▸ **Exercise instructions**
Set down the data again exactly. Pictures are not part of the copy.

▸ **Information shown**
:::

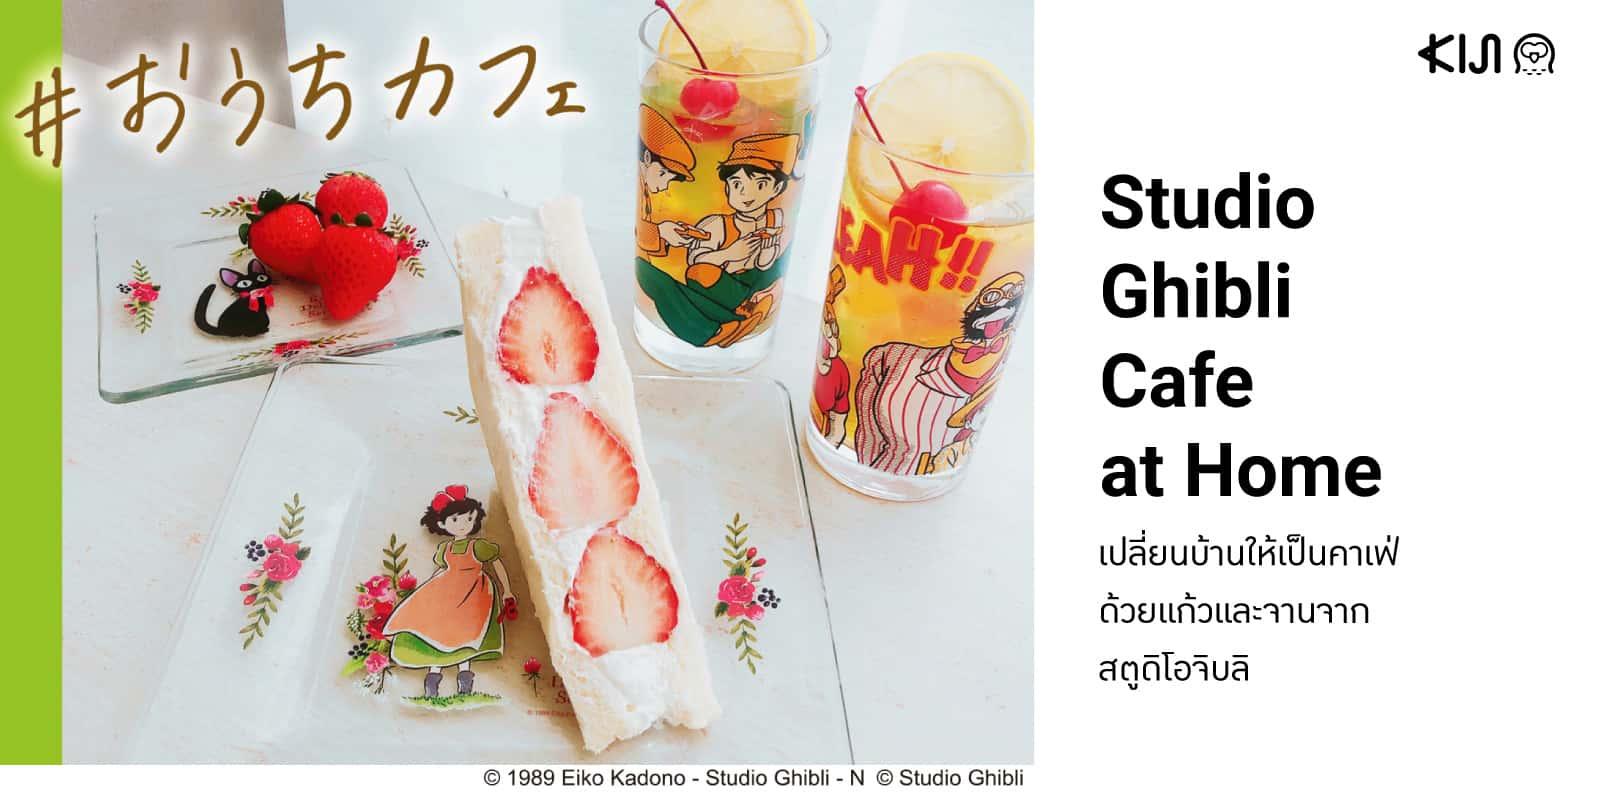 Ghibli Cafe at Home : เปลี่ยนบ้านให้เป็นคาเฟ่ด้วยแก้วและจานจากสตูดิโอจิบลิ
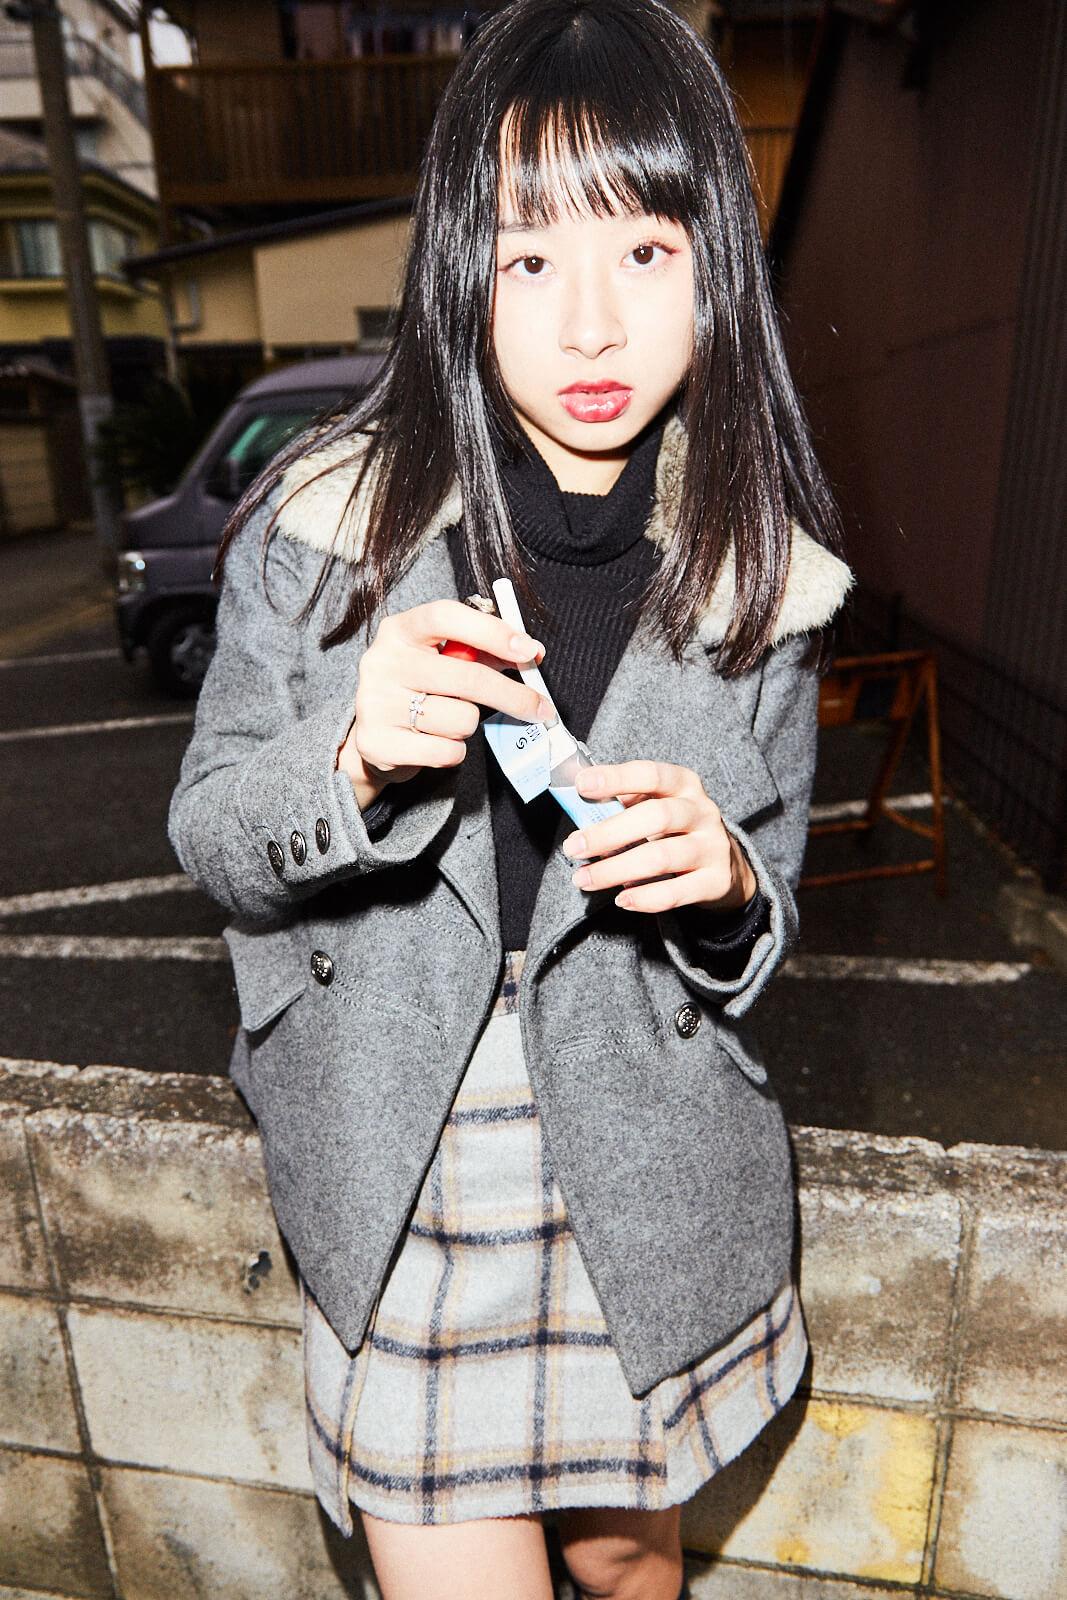 portrait-ling-hui-chou-tokyo-japan
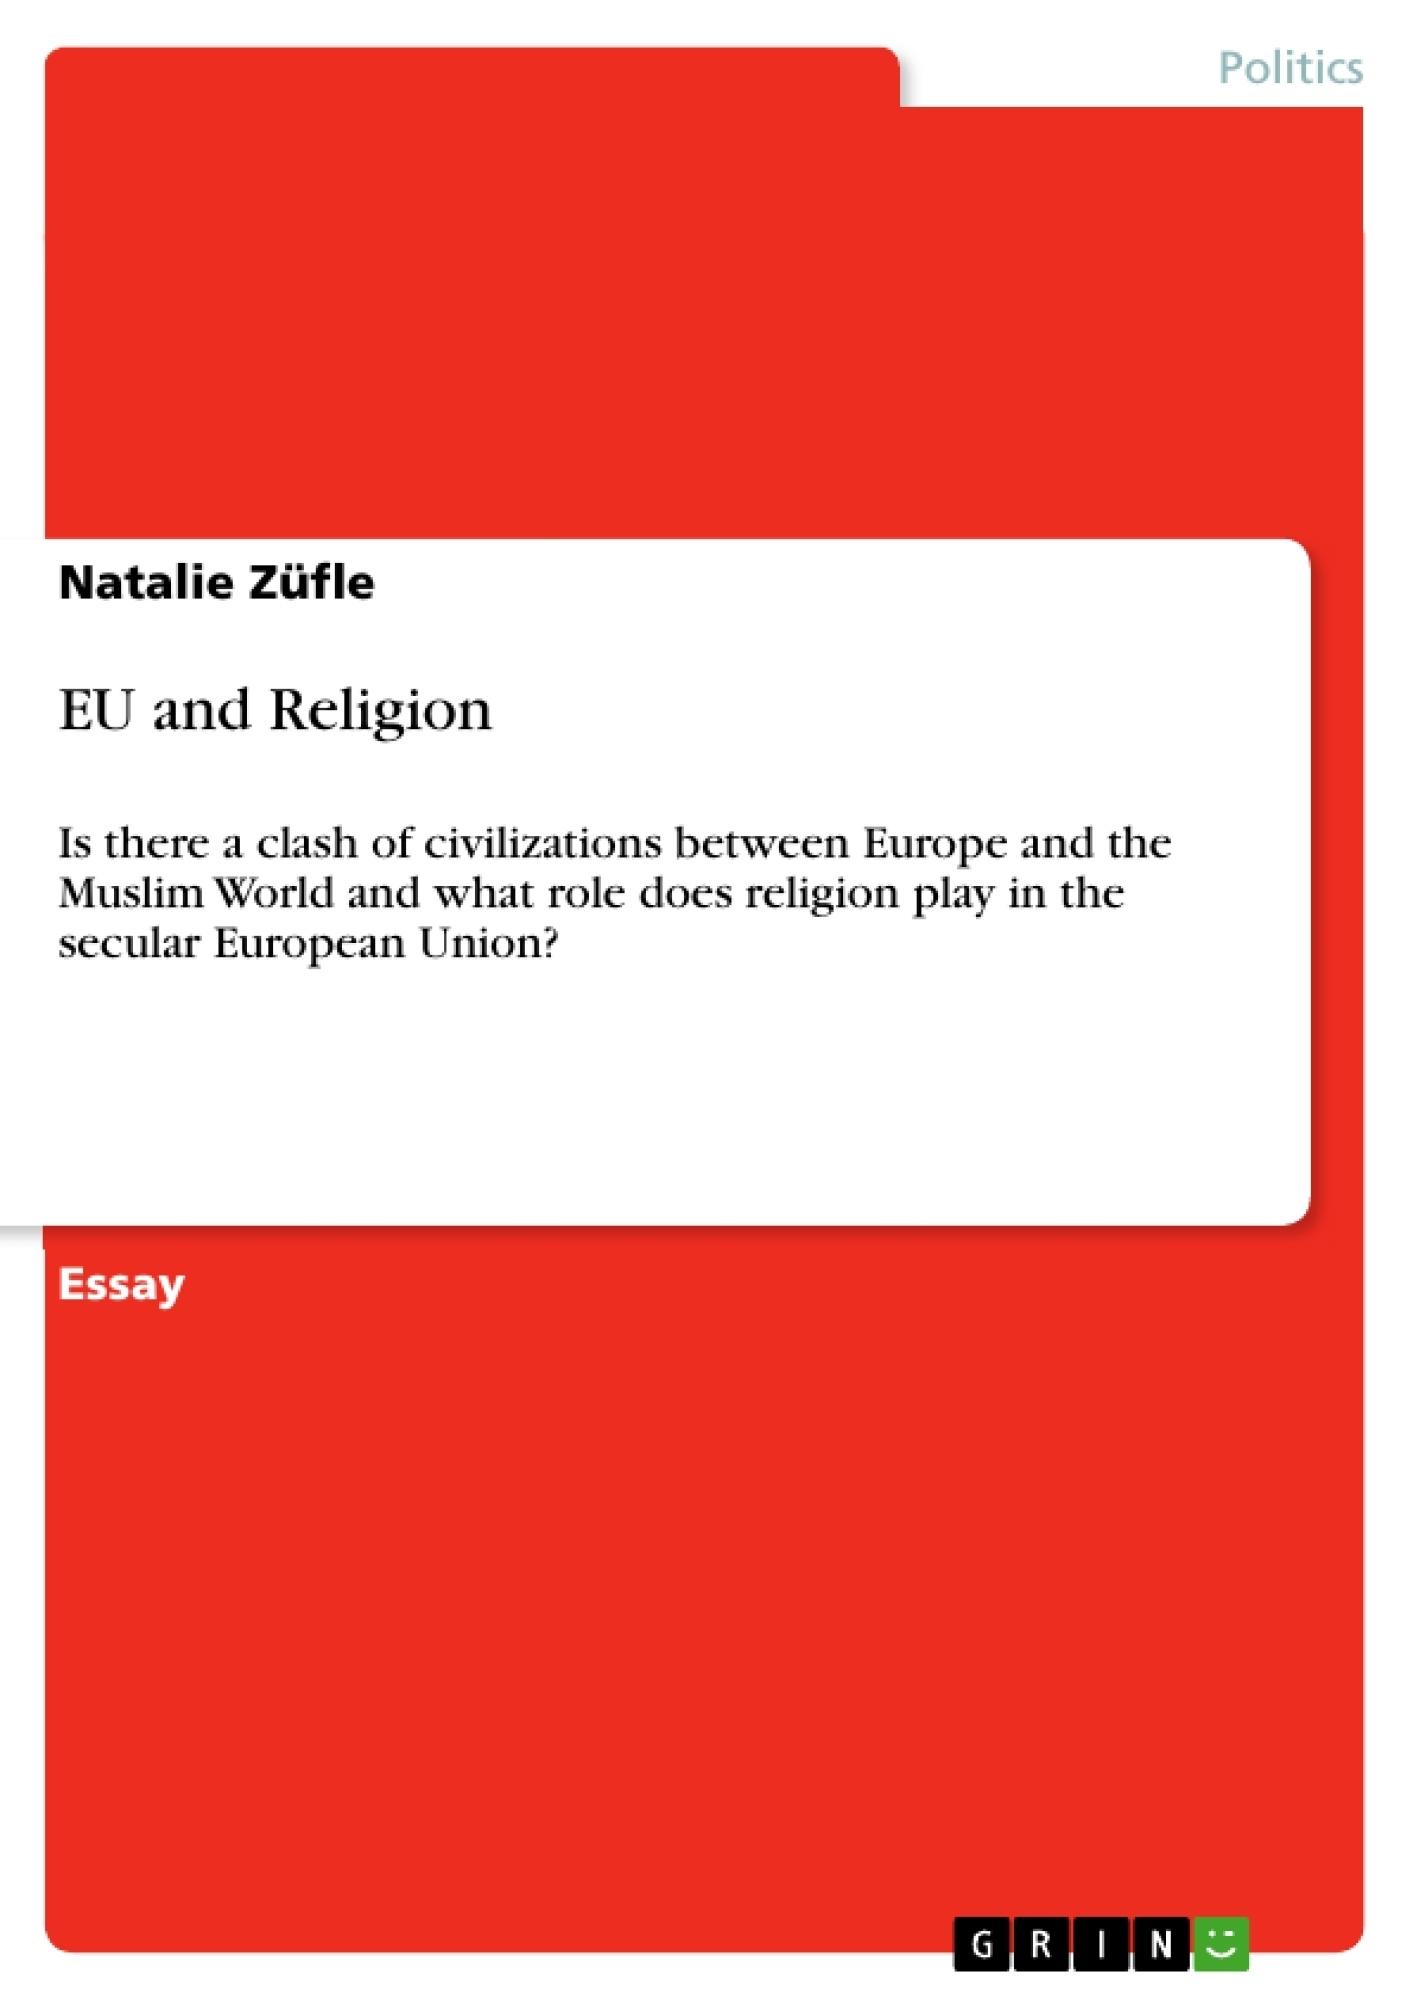 Title: EU and Religion

:::

▸ **Answer to the exercise**
 Ghibli Cafe at Home : เปลี่ยนบ้านให้เป็นคาเฟ่ด้วยแก้วและจานจากสตูดิโอจิบลิ
 portrait-ling-hui-chou-tokyo-japan
 Title: EU and Religion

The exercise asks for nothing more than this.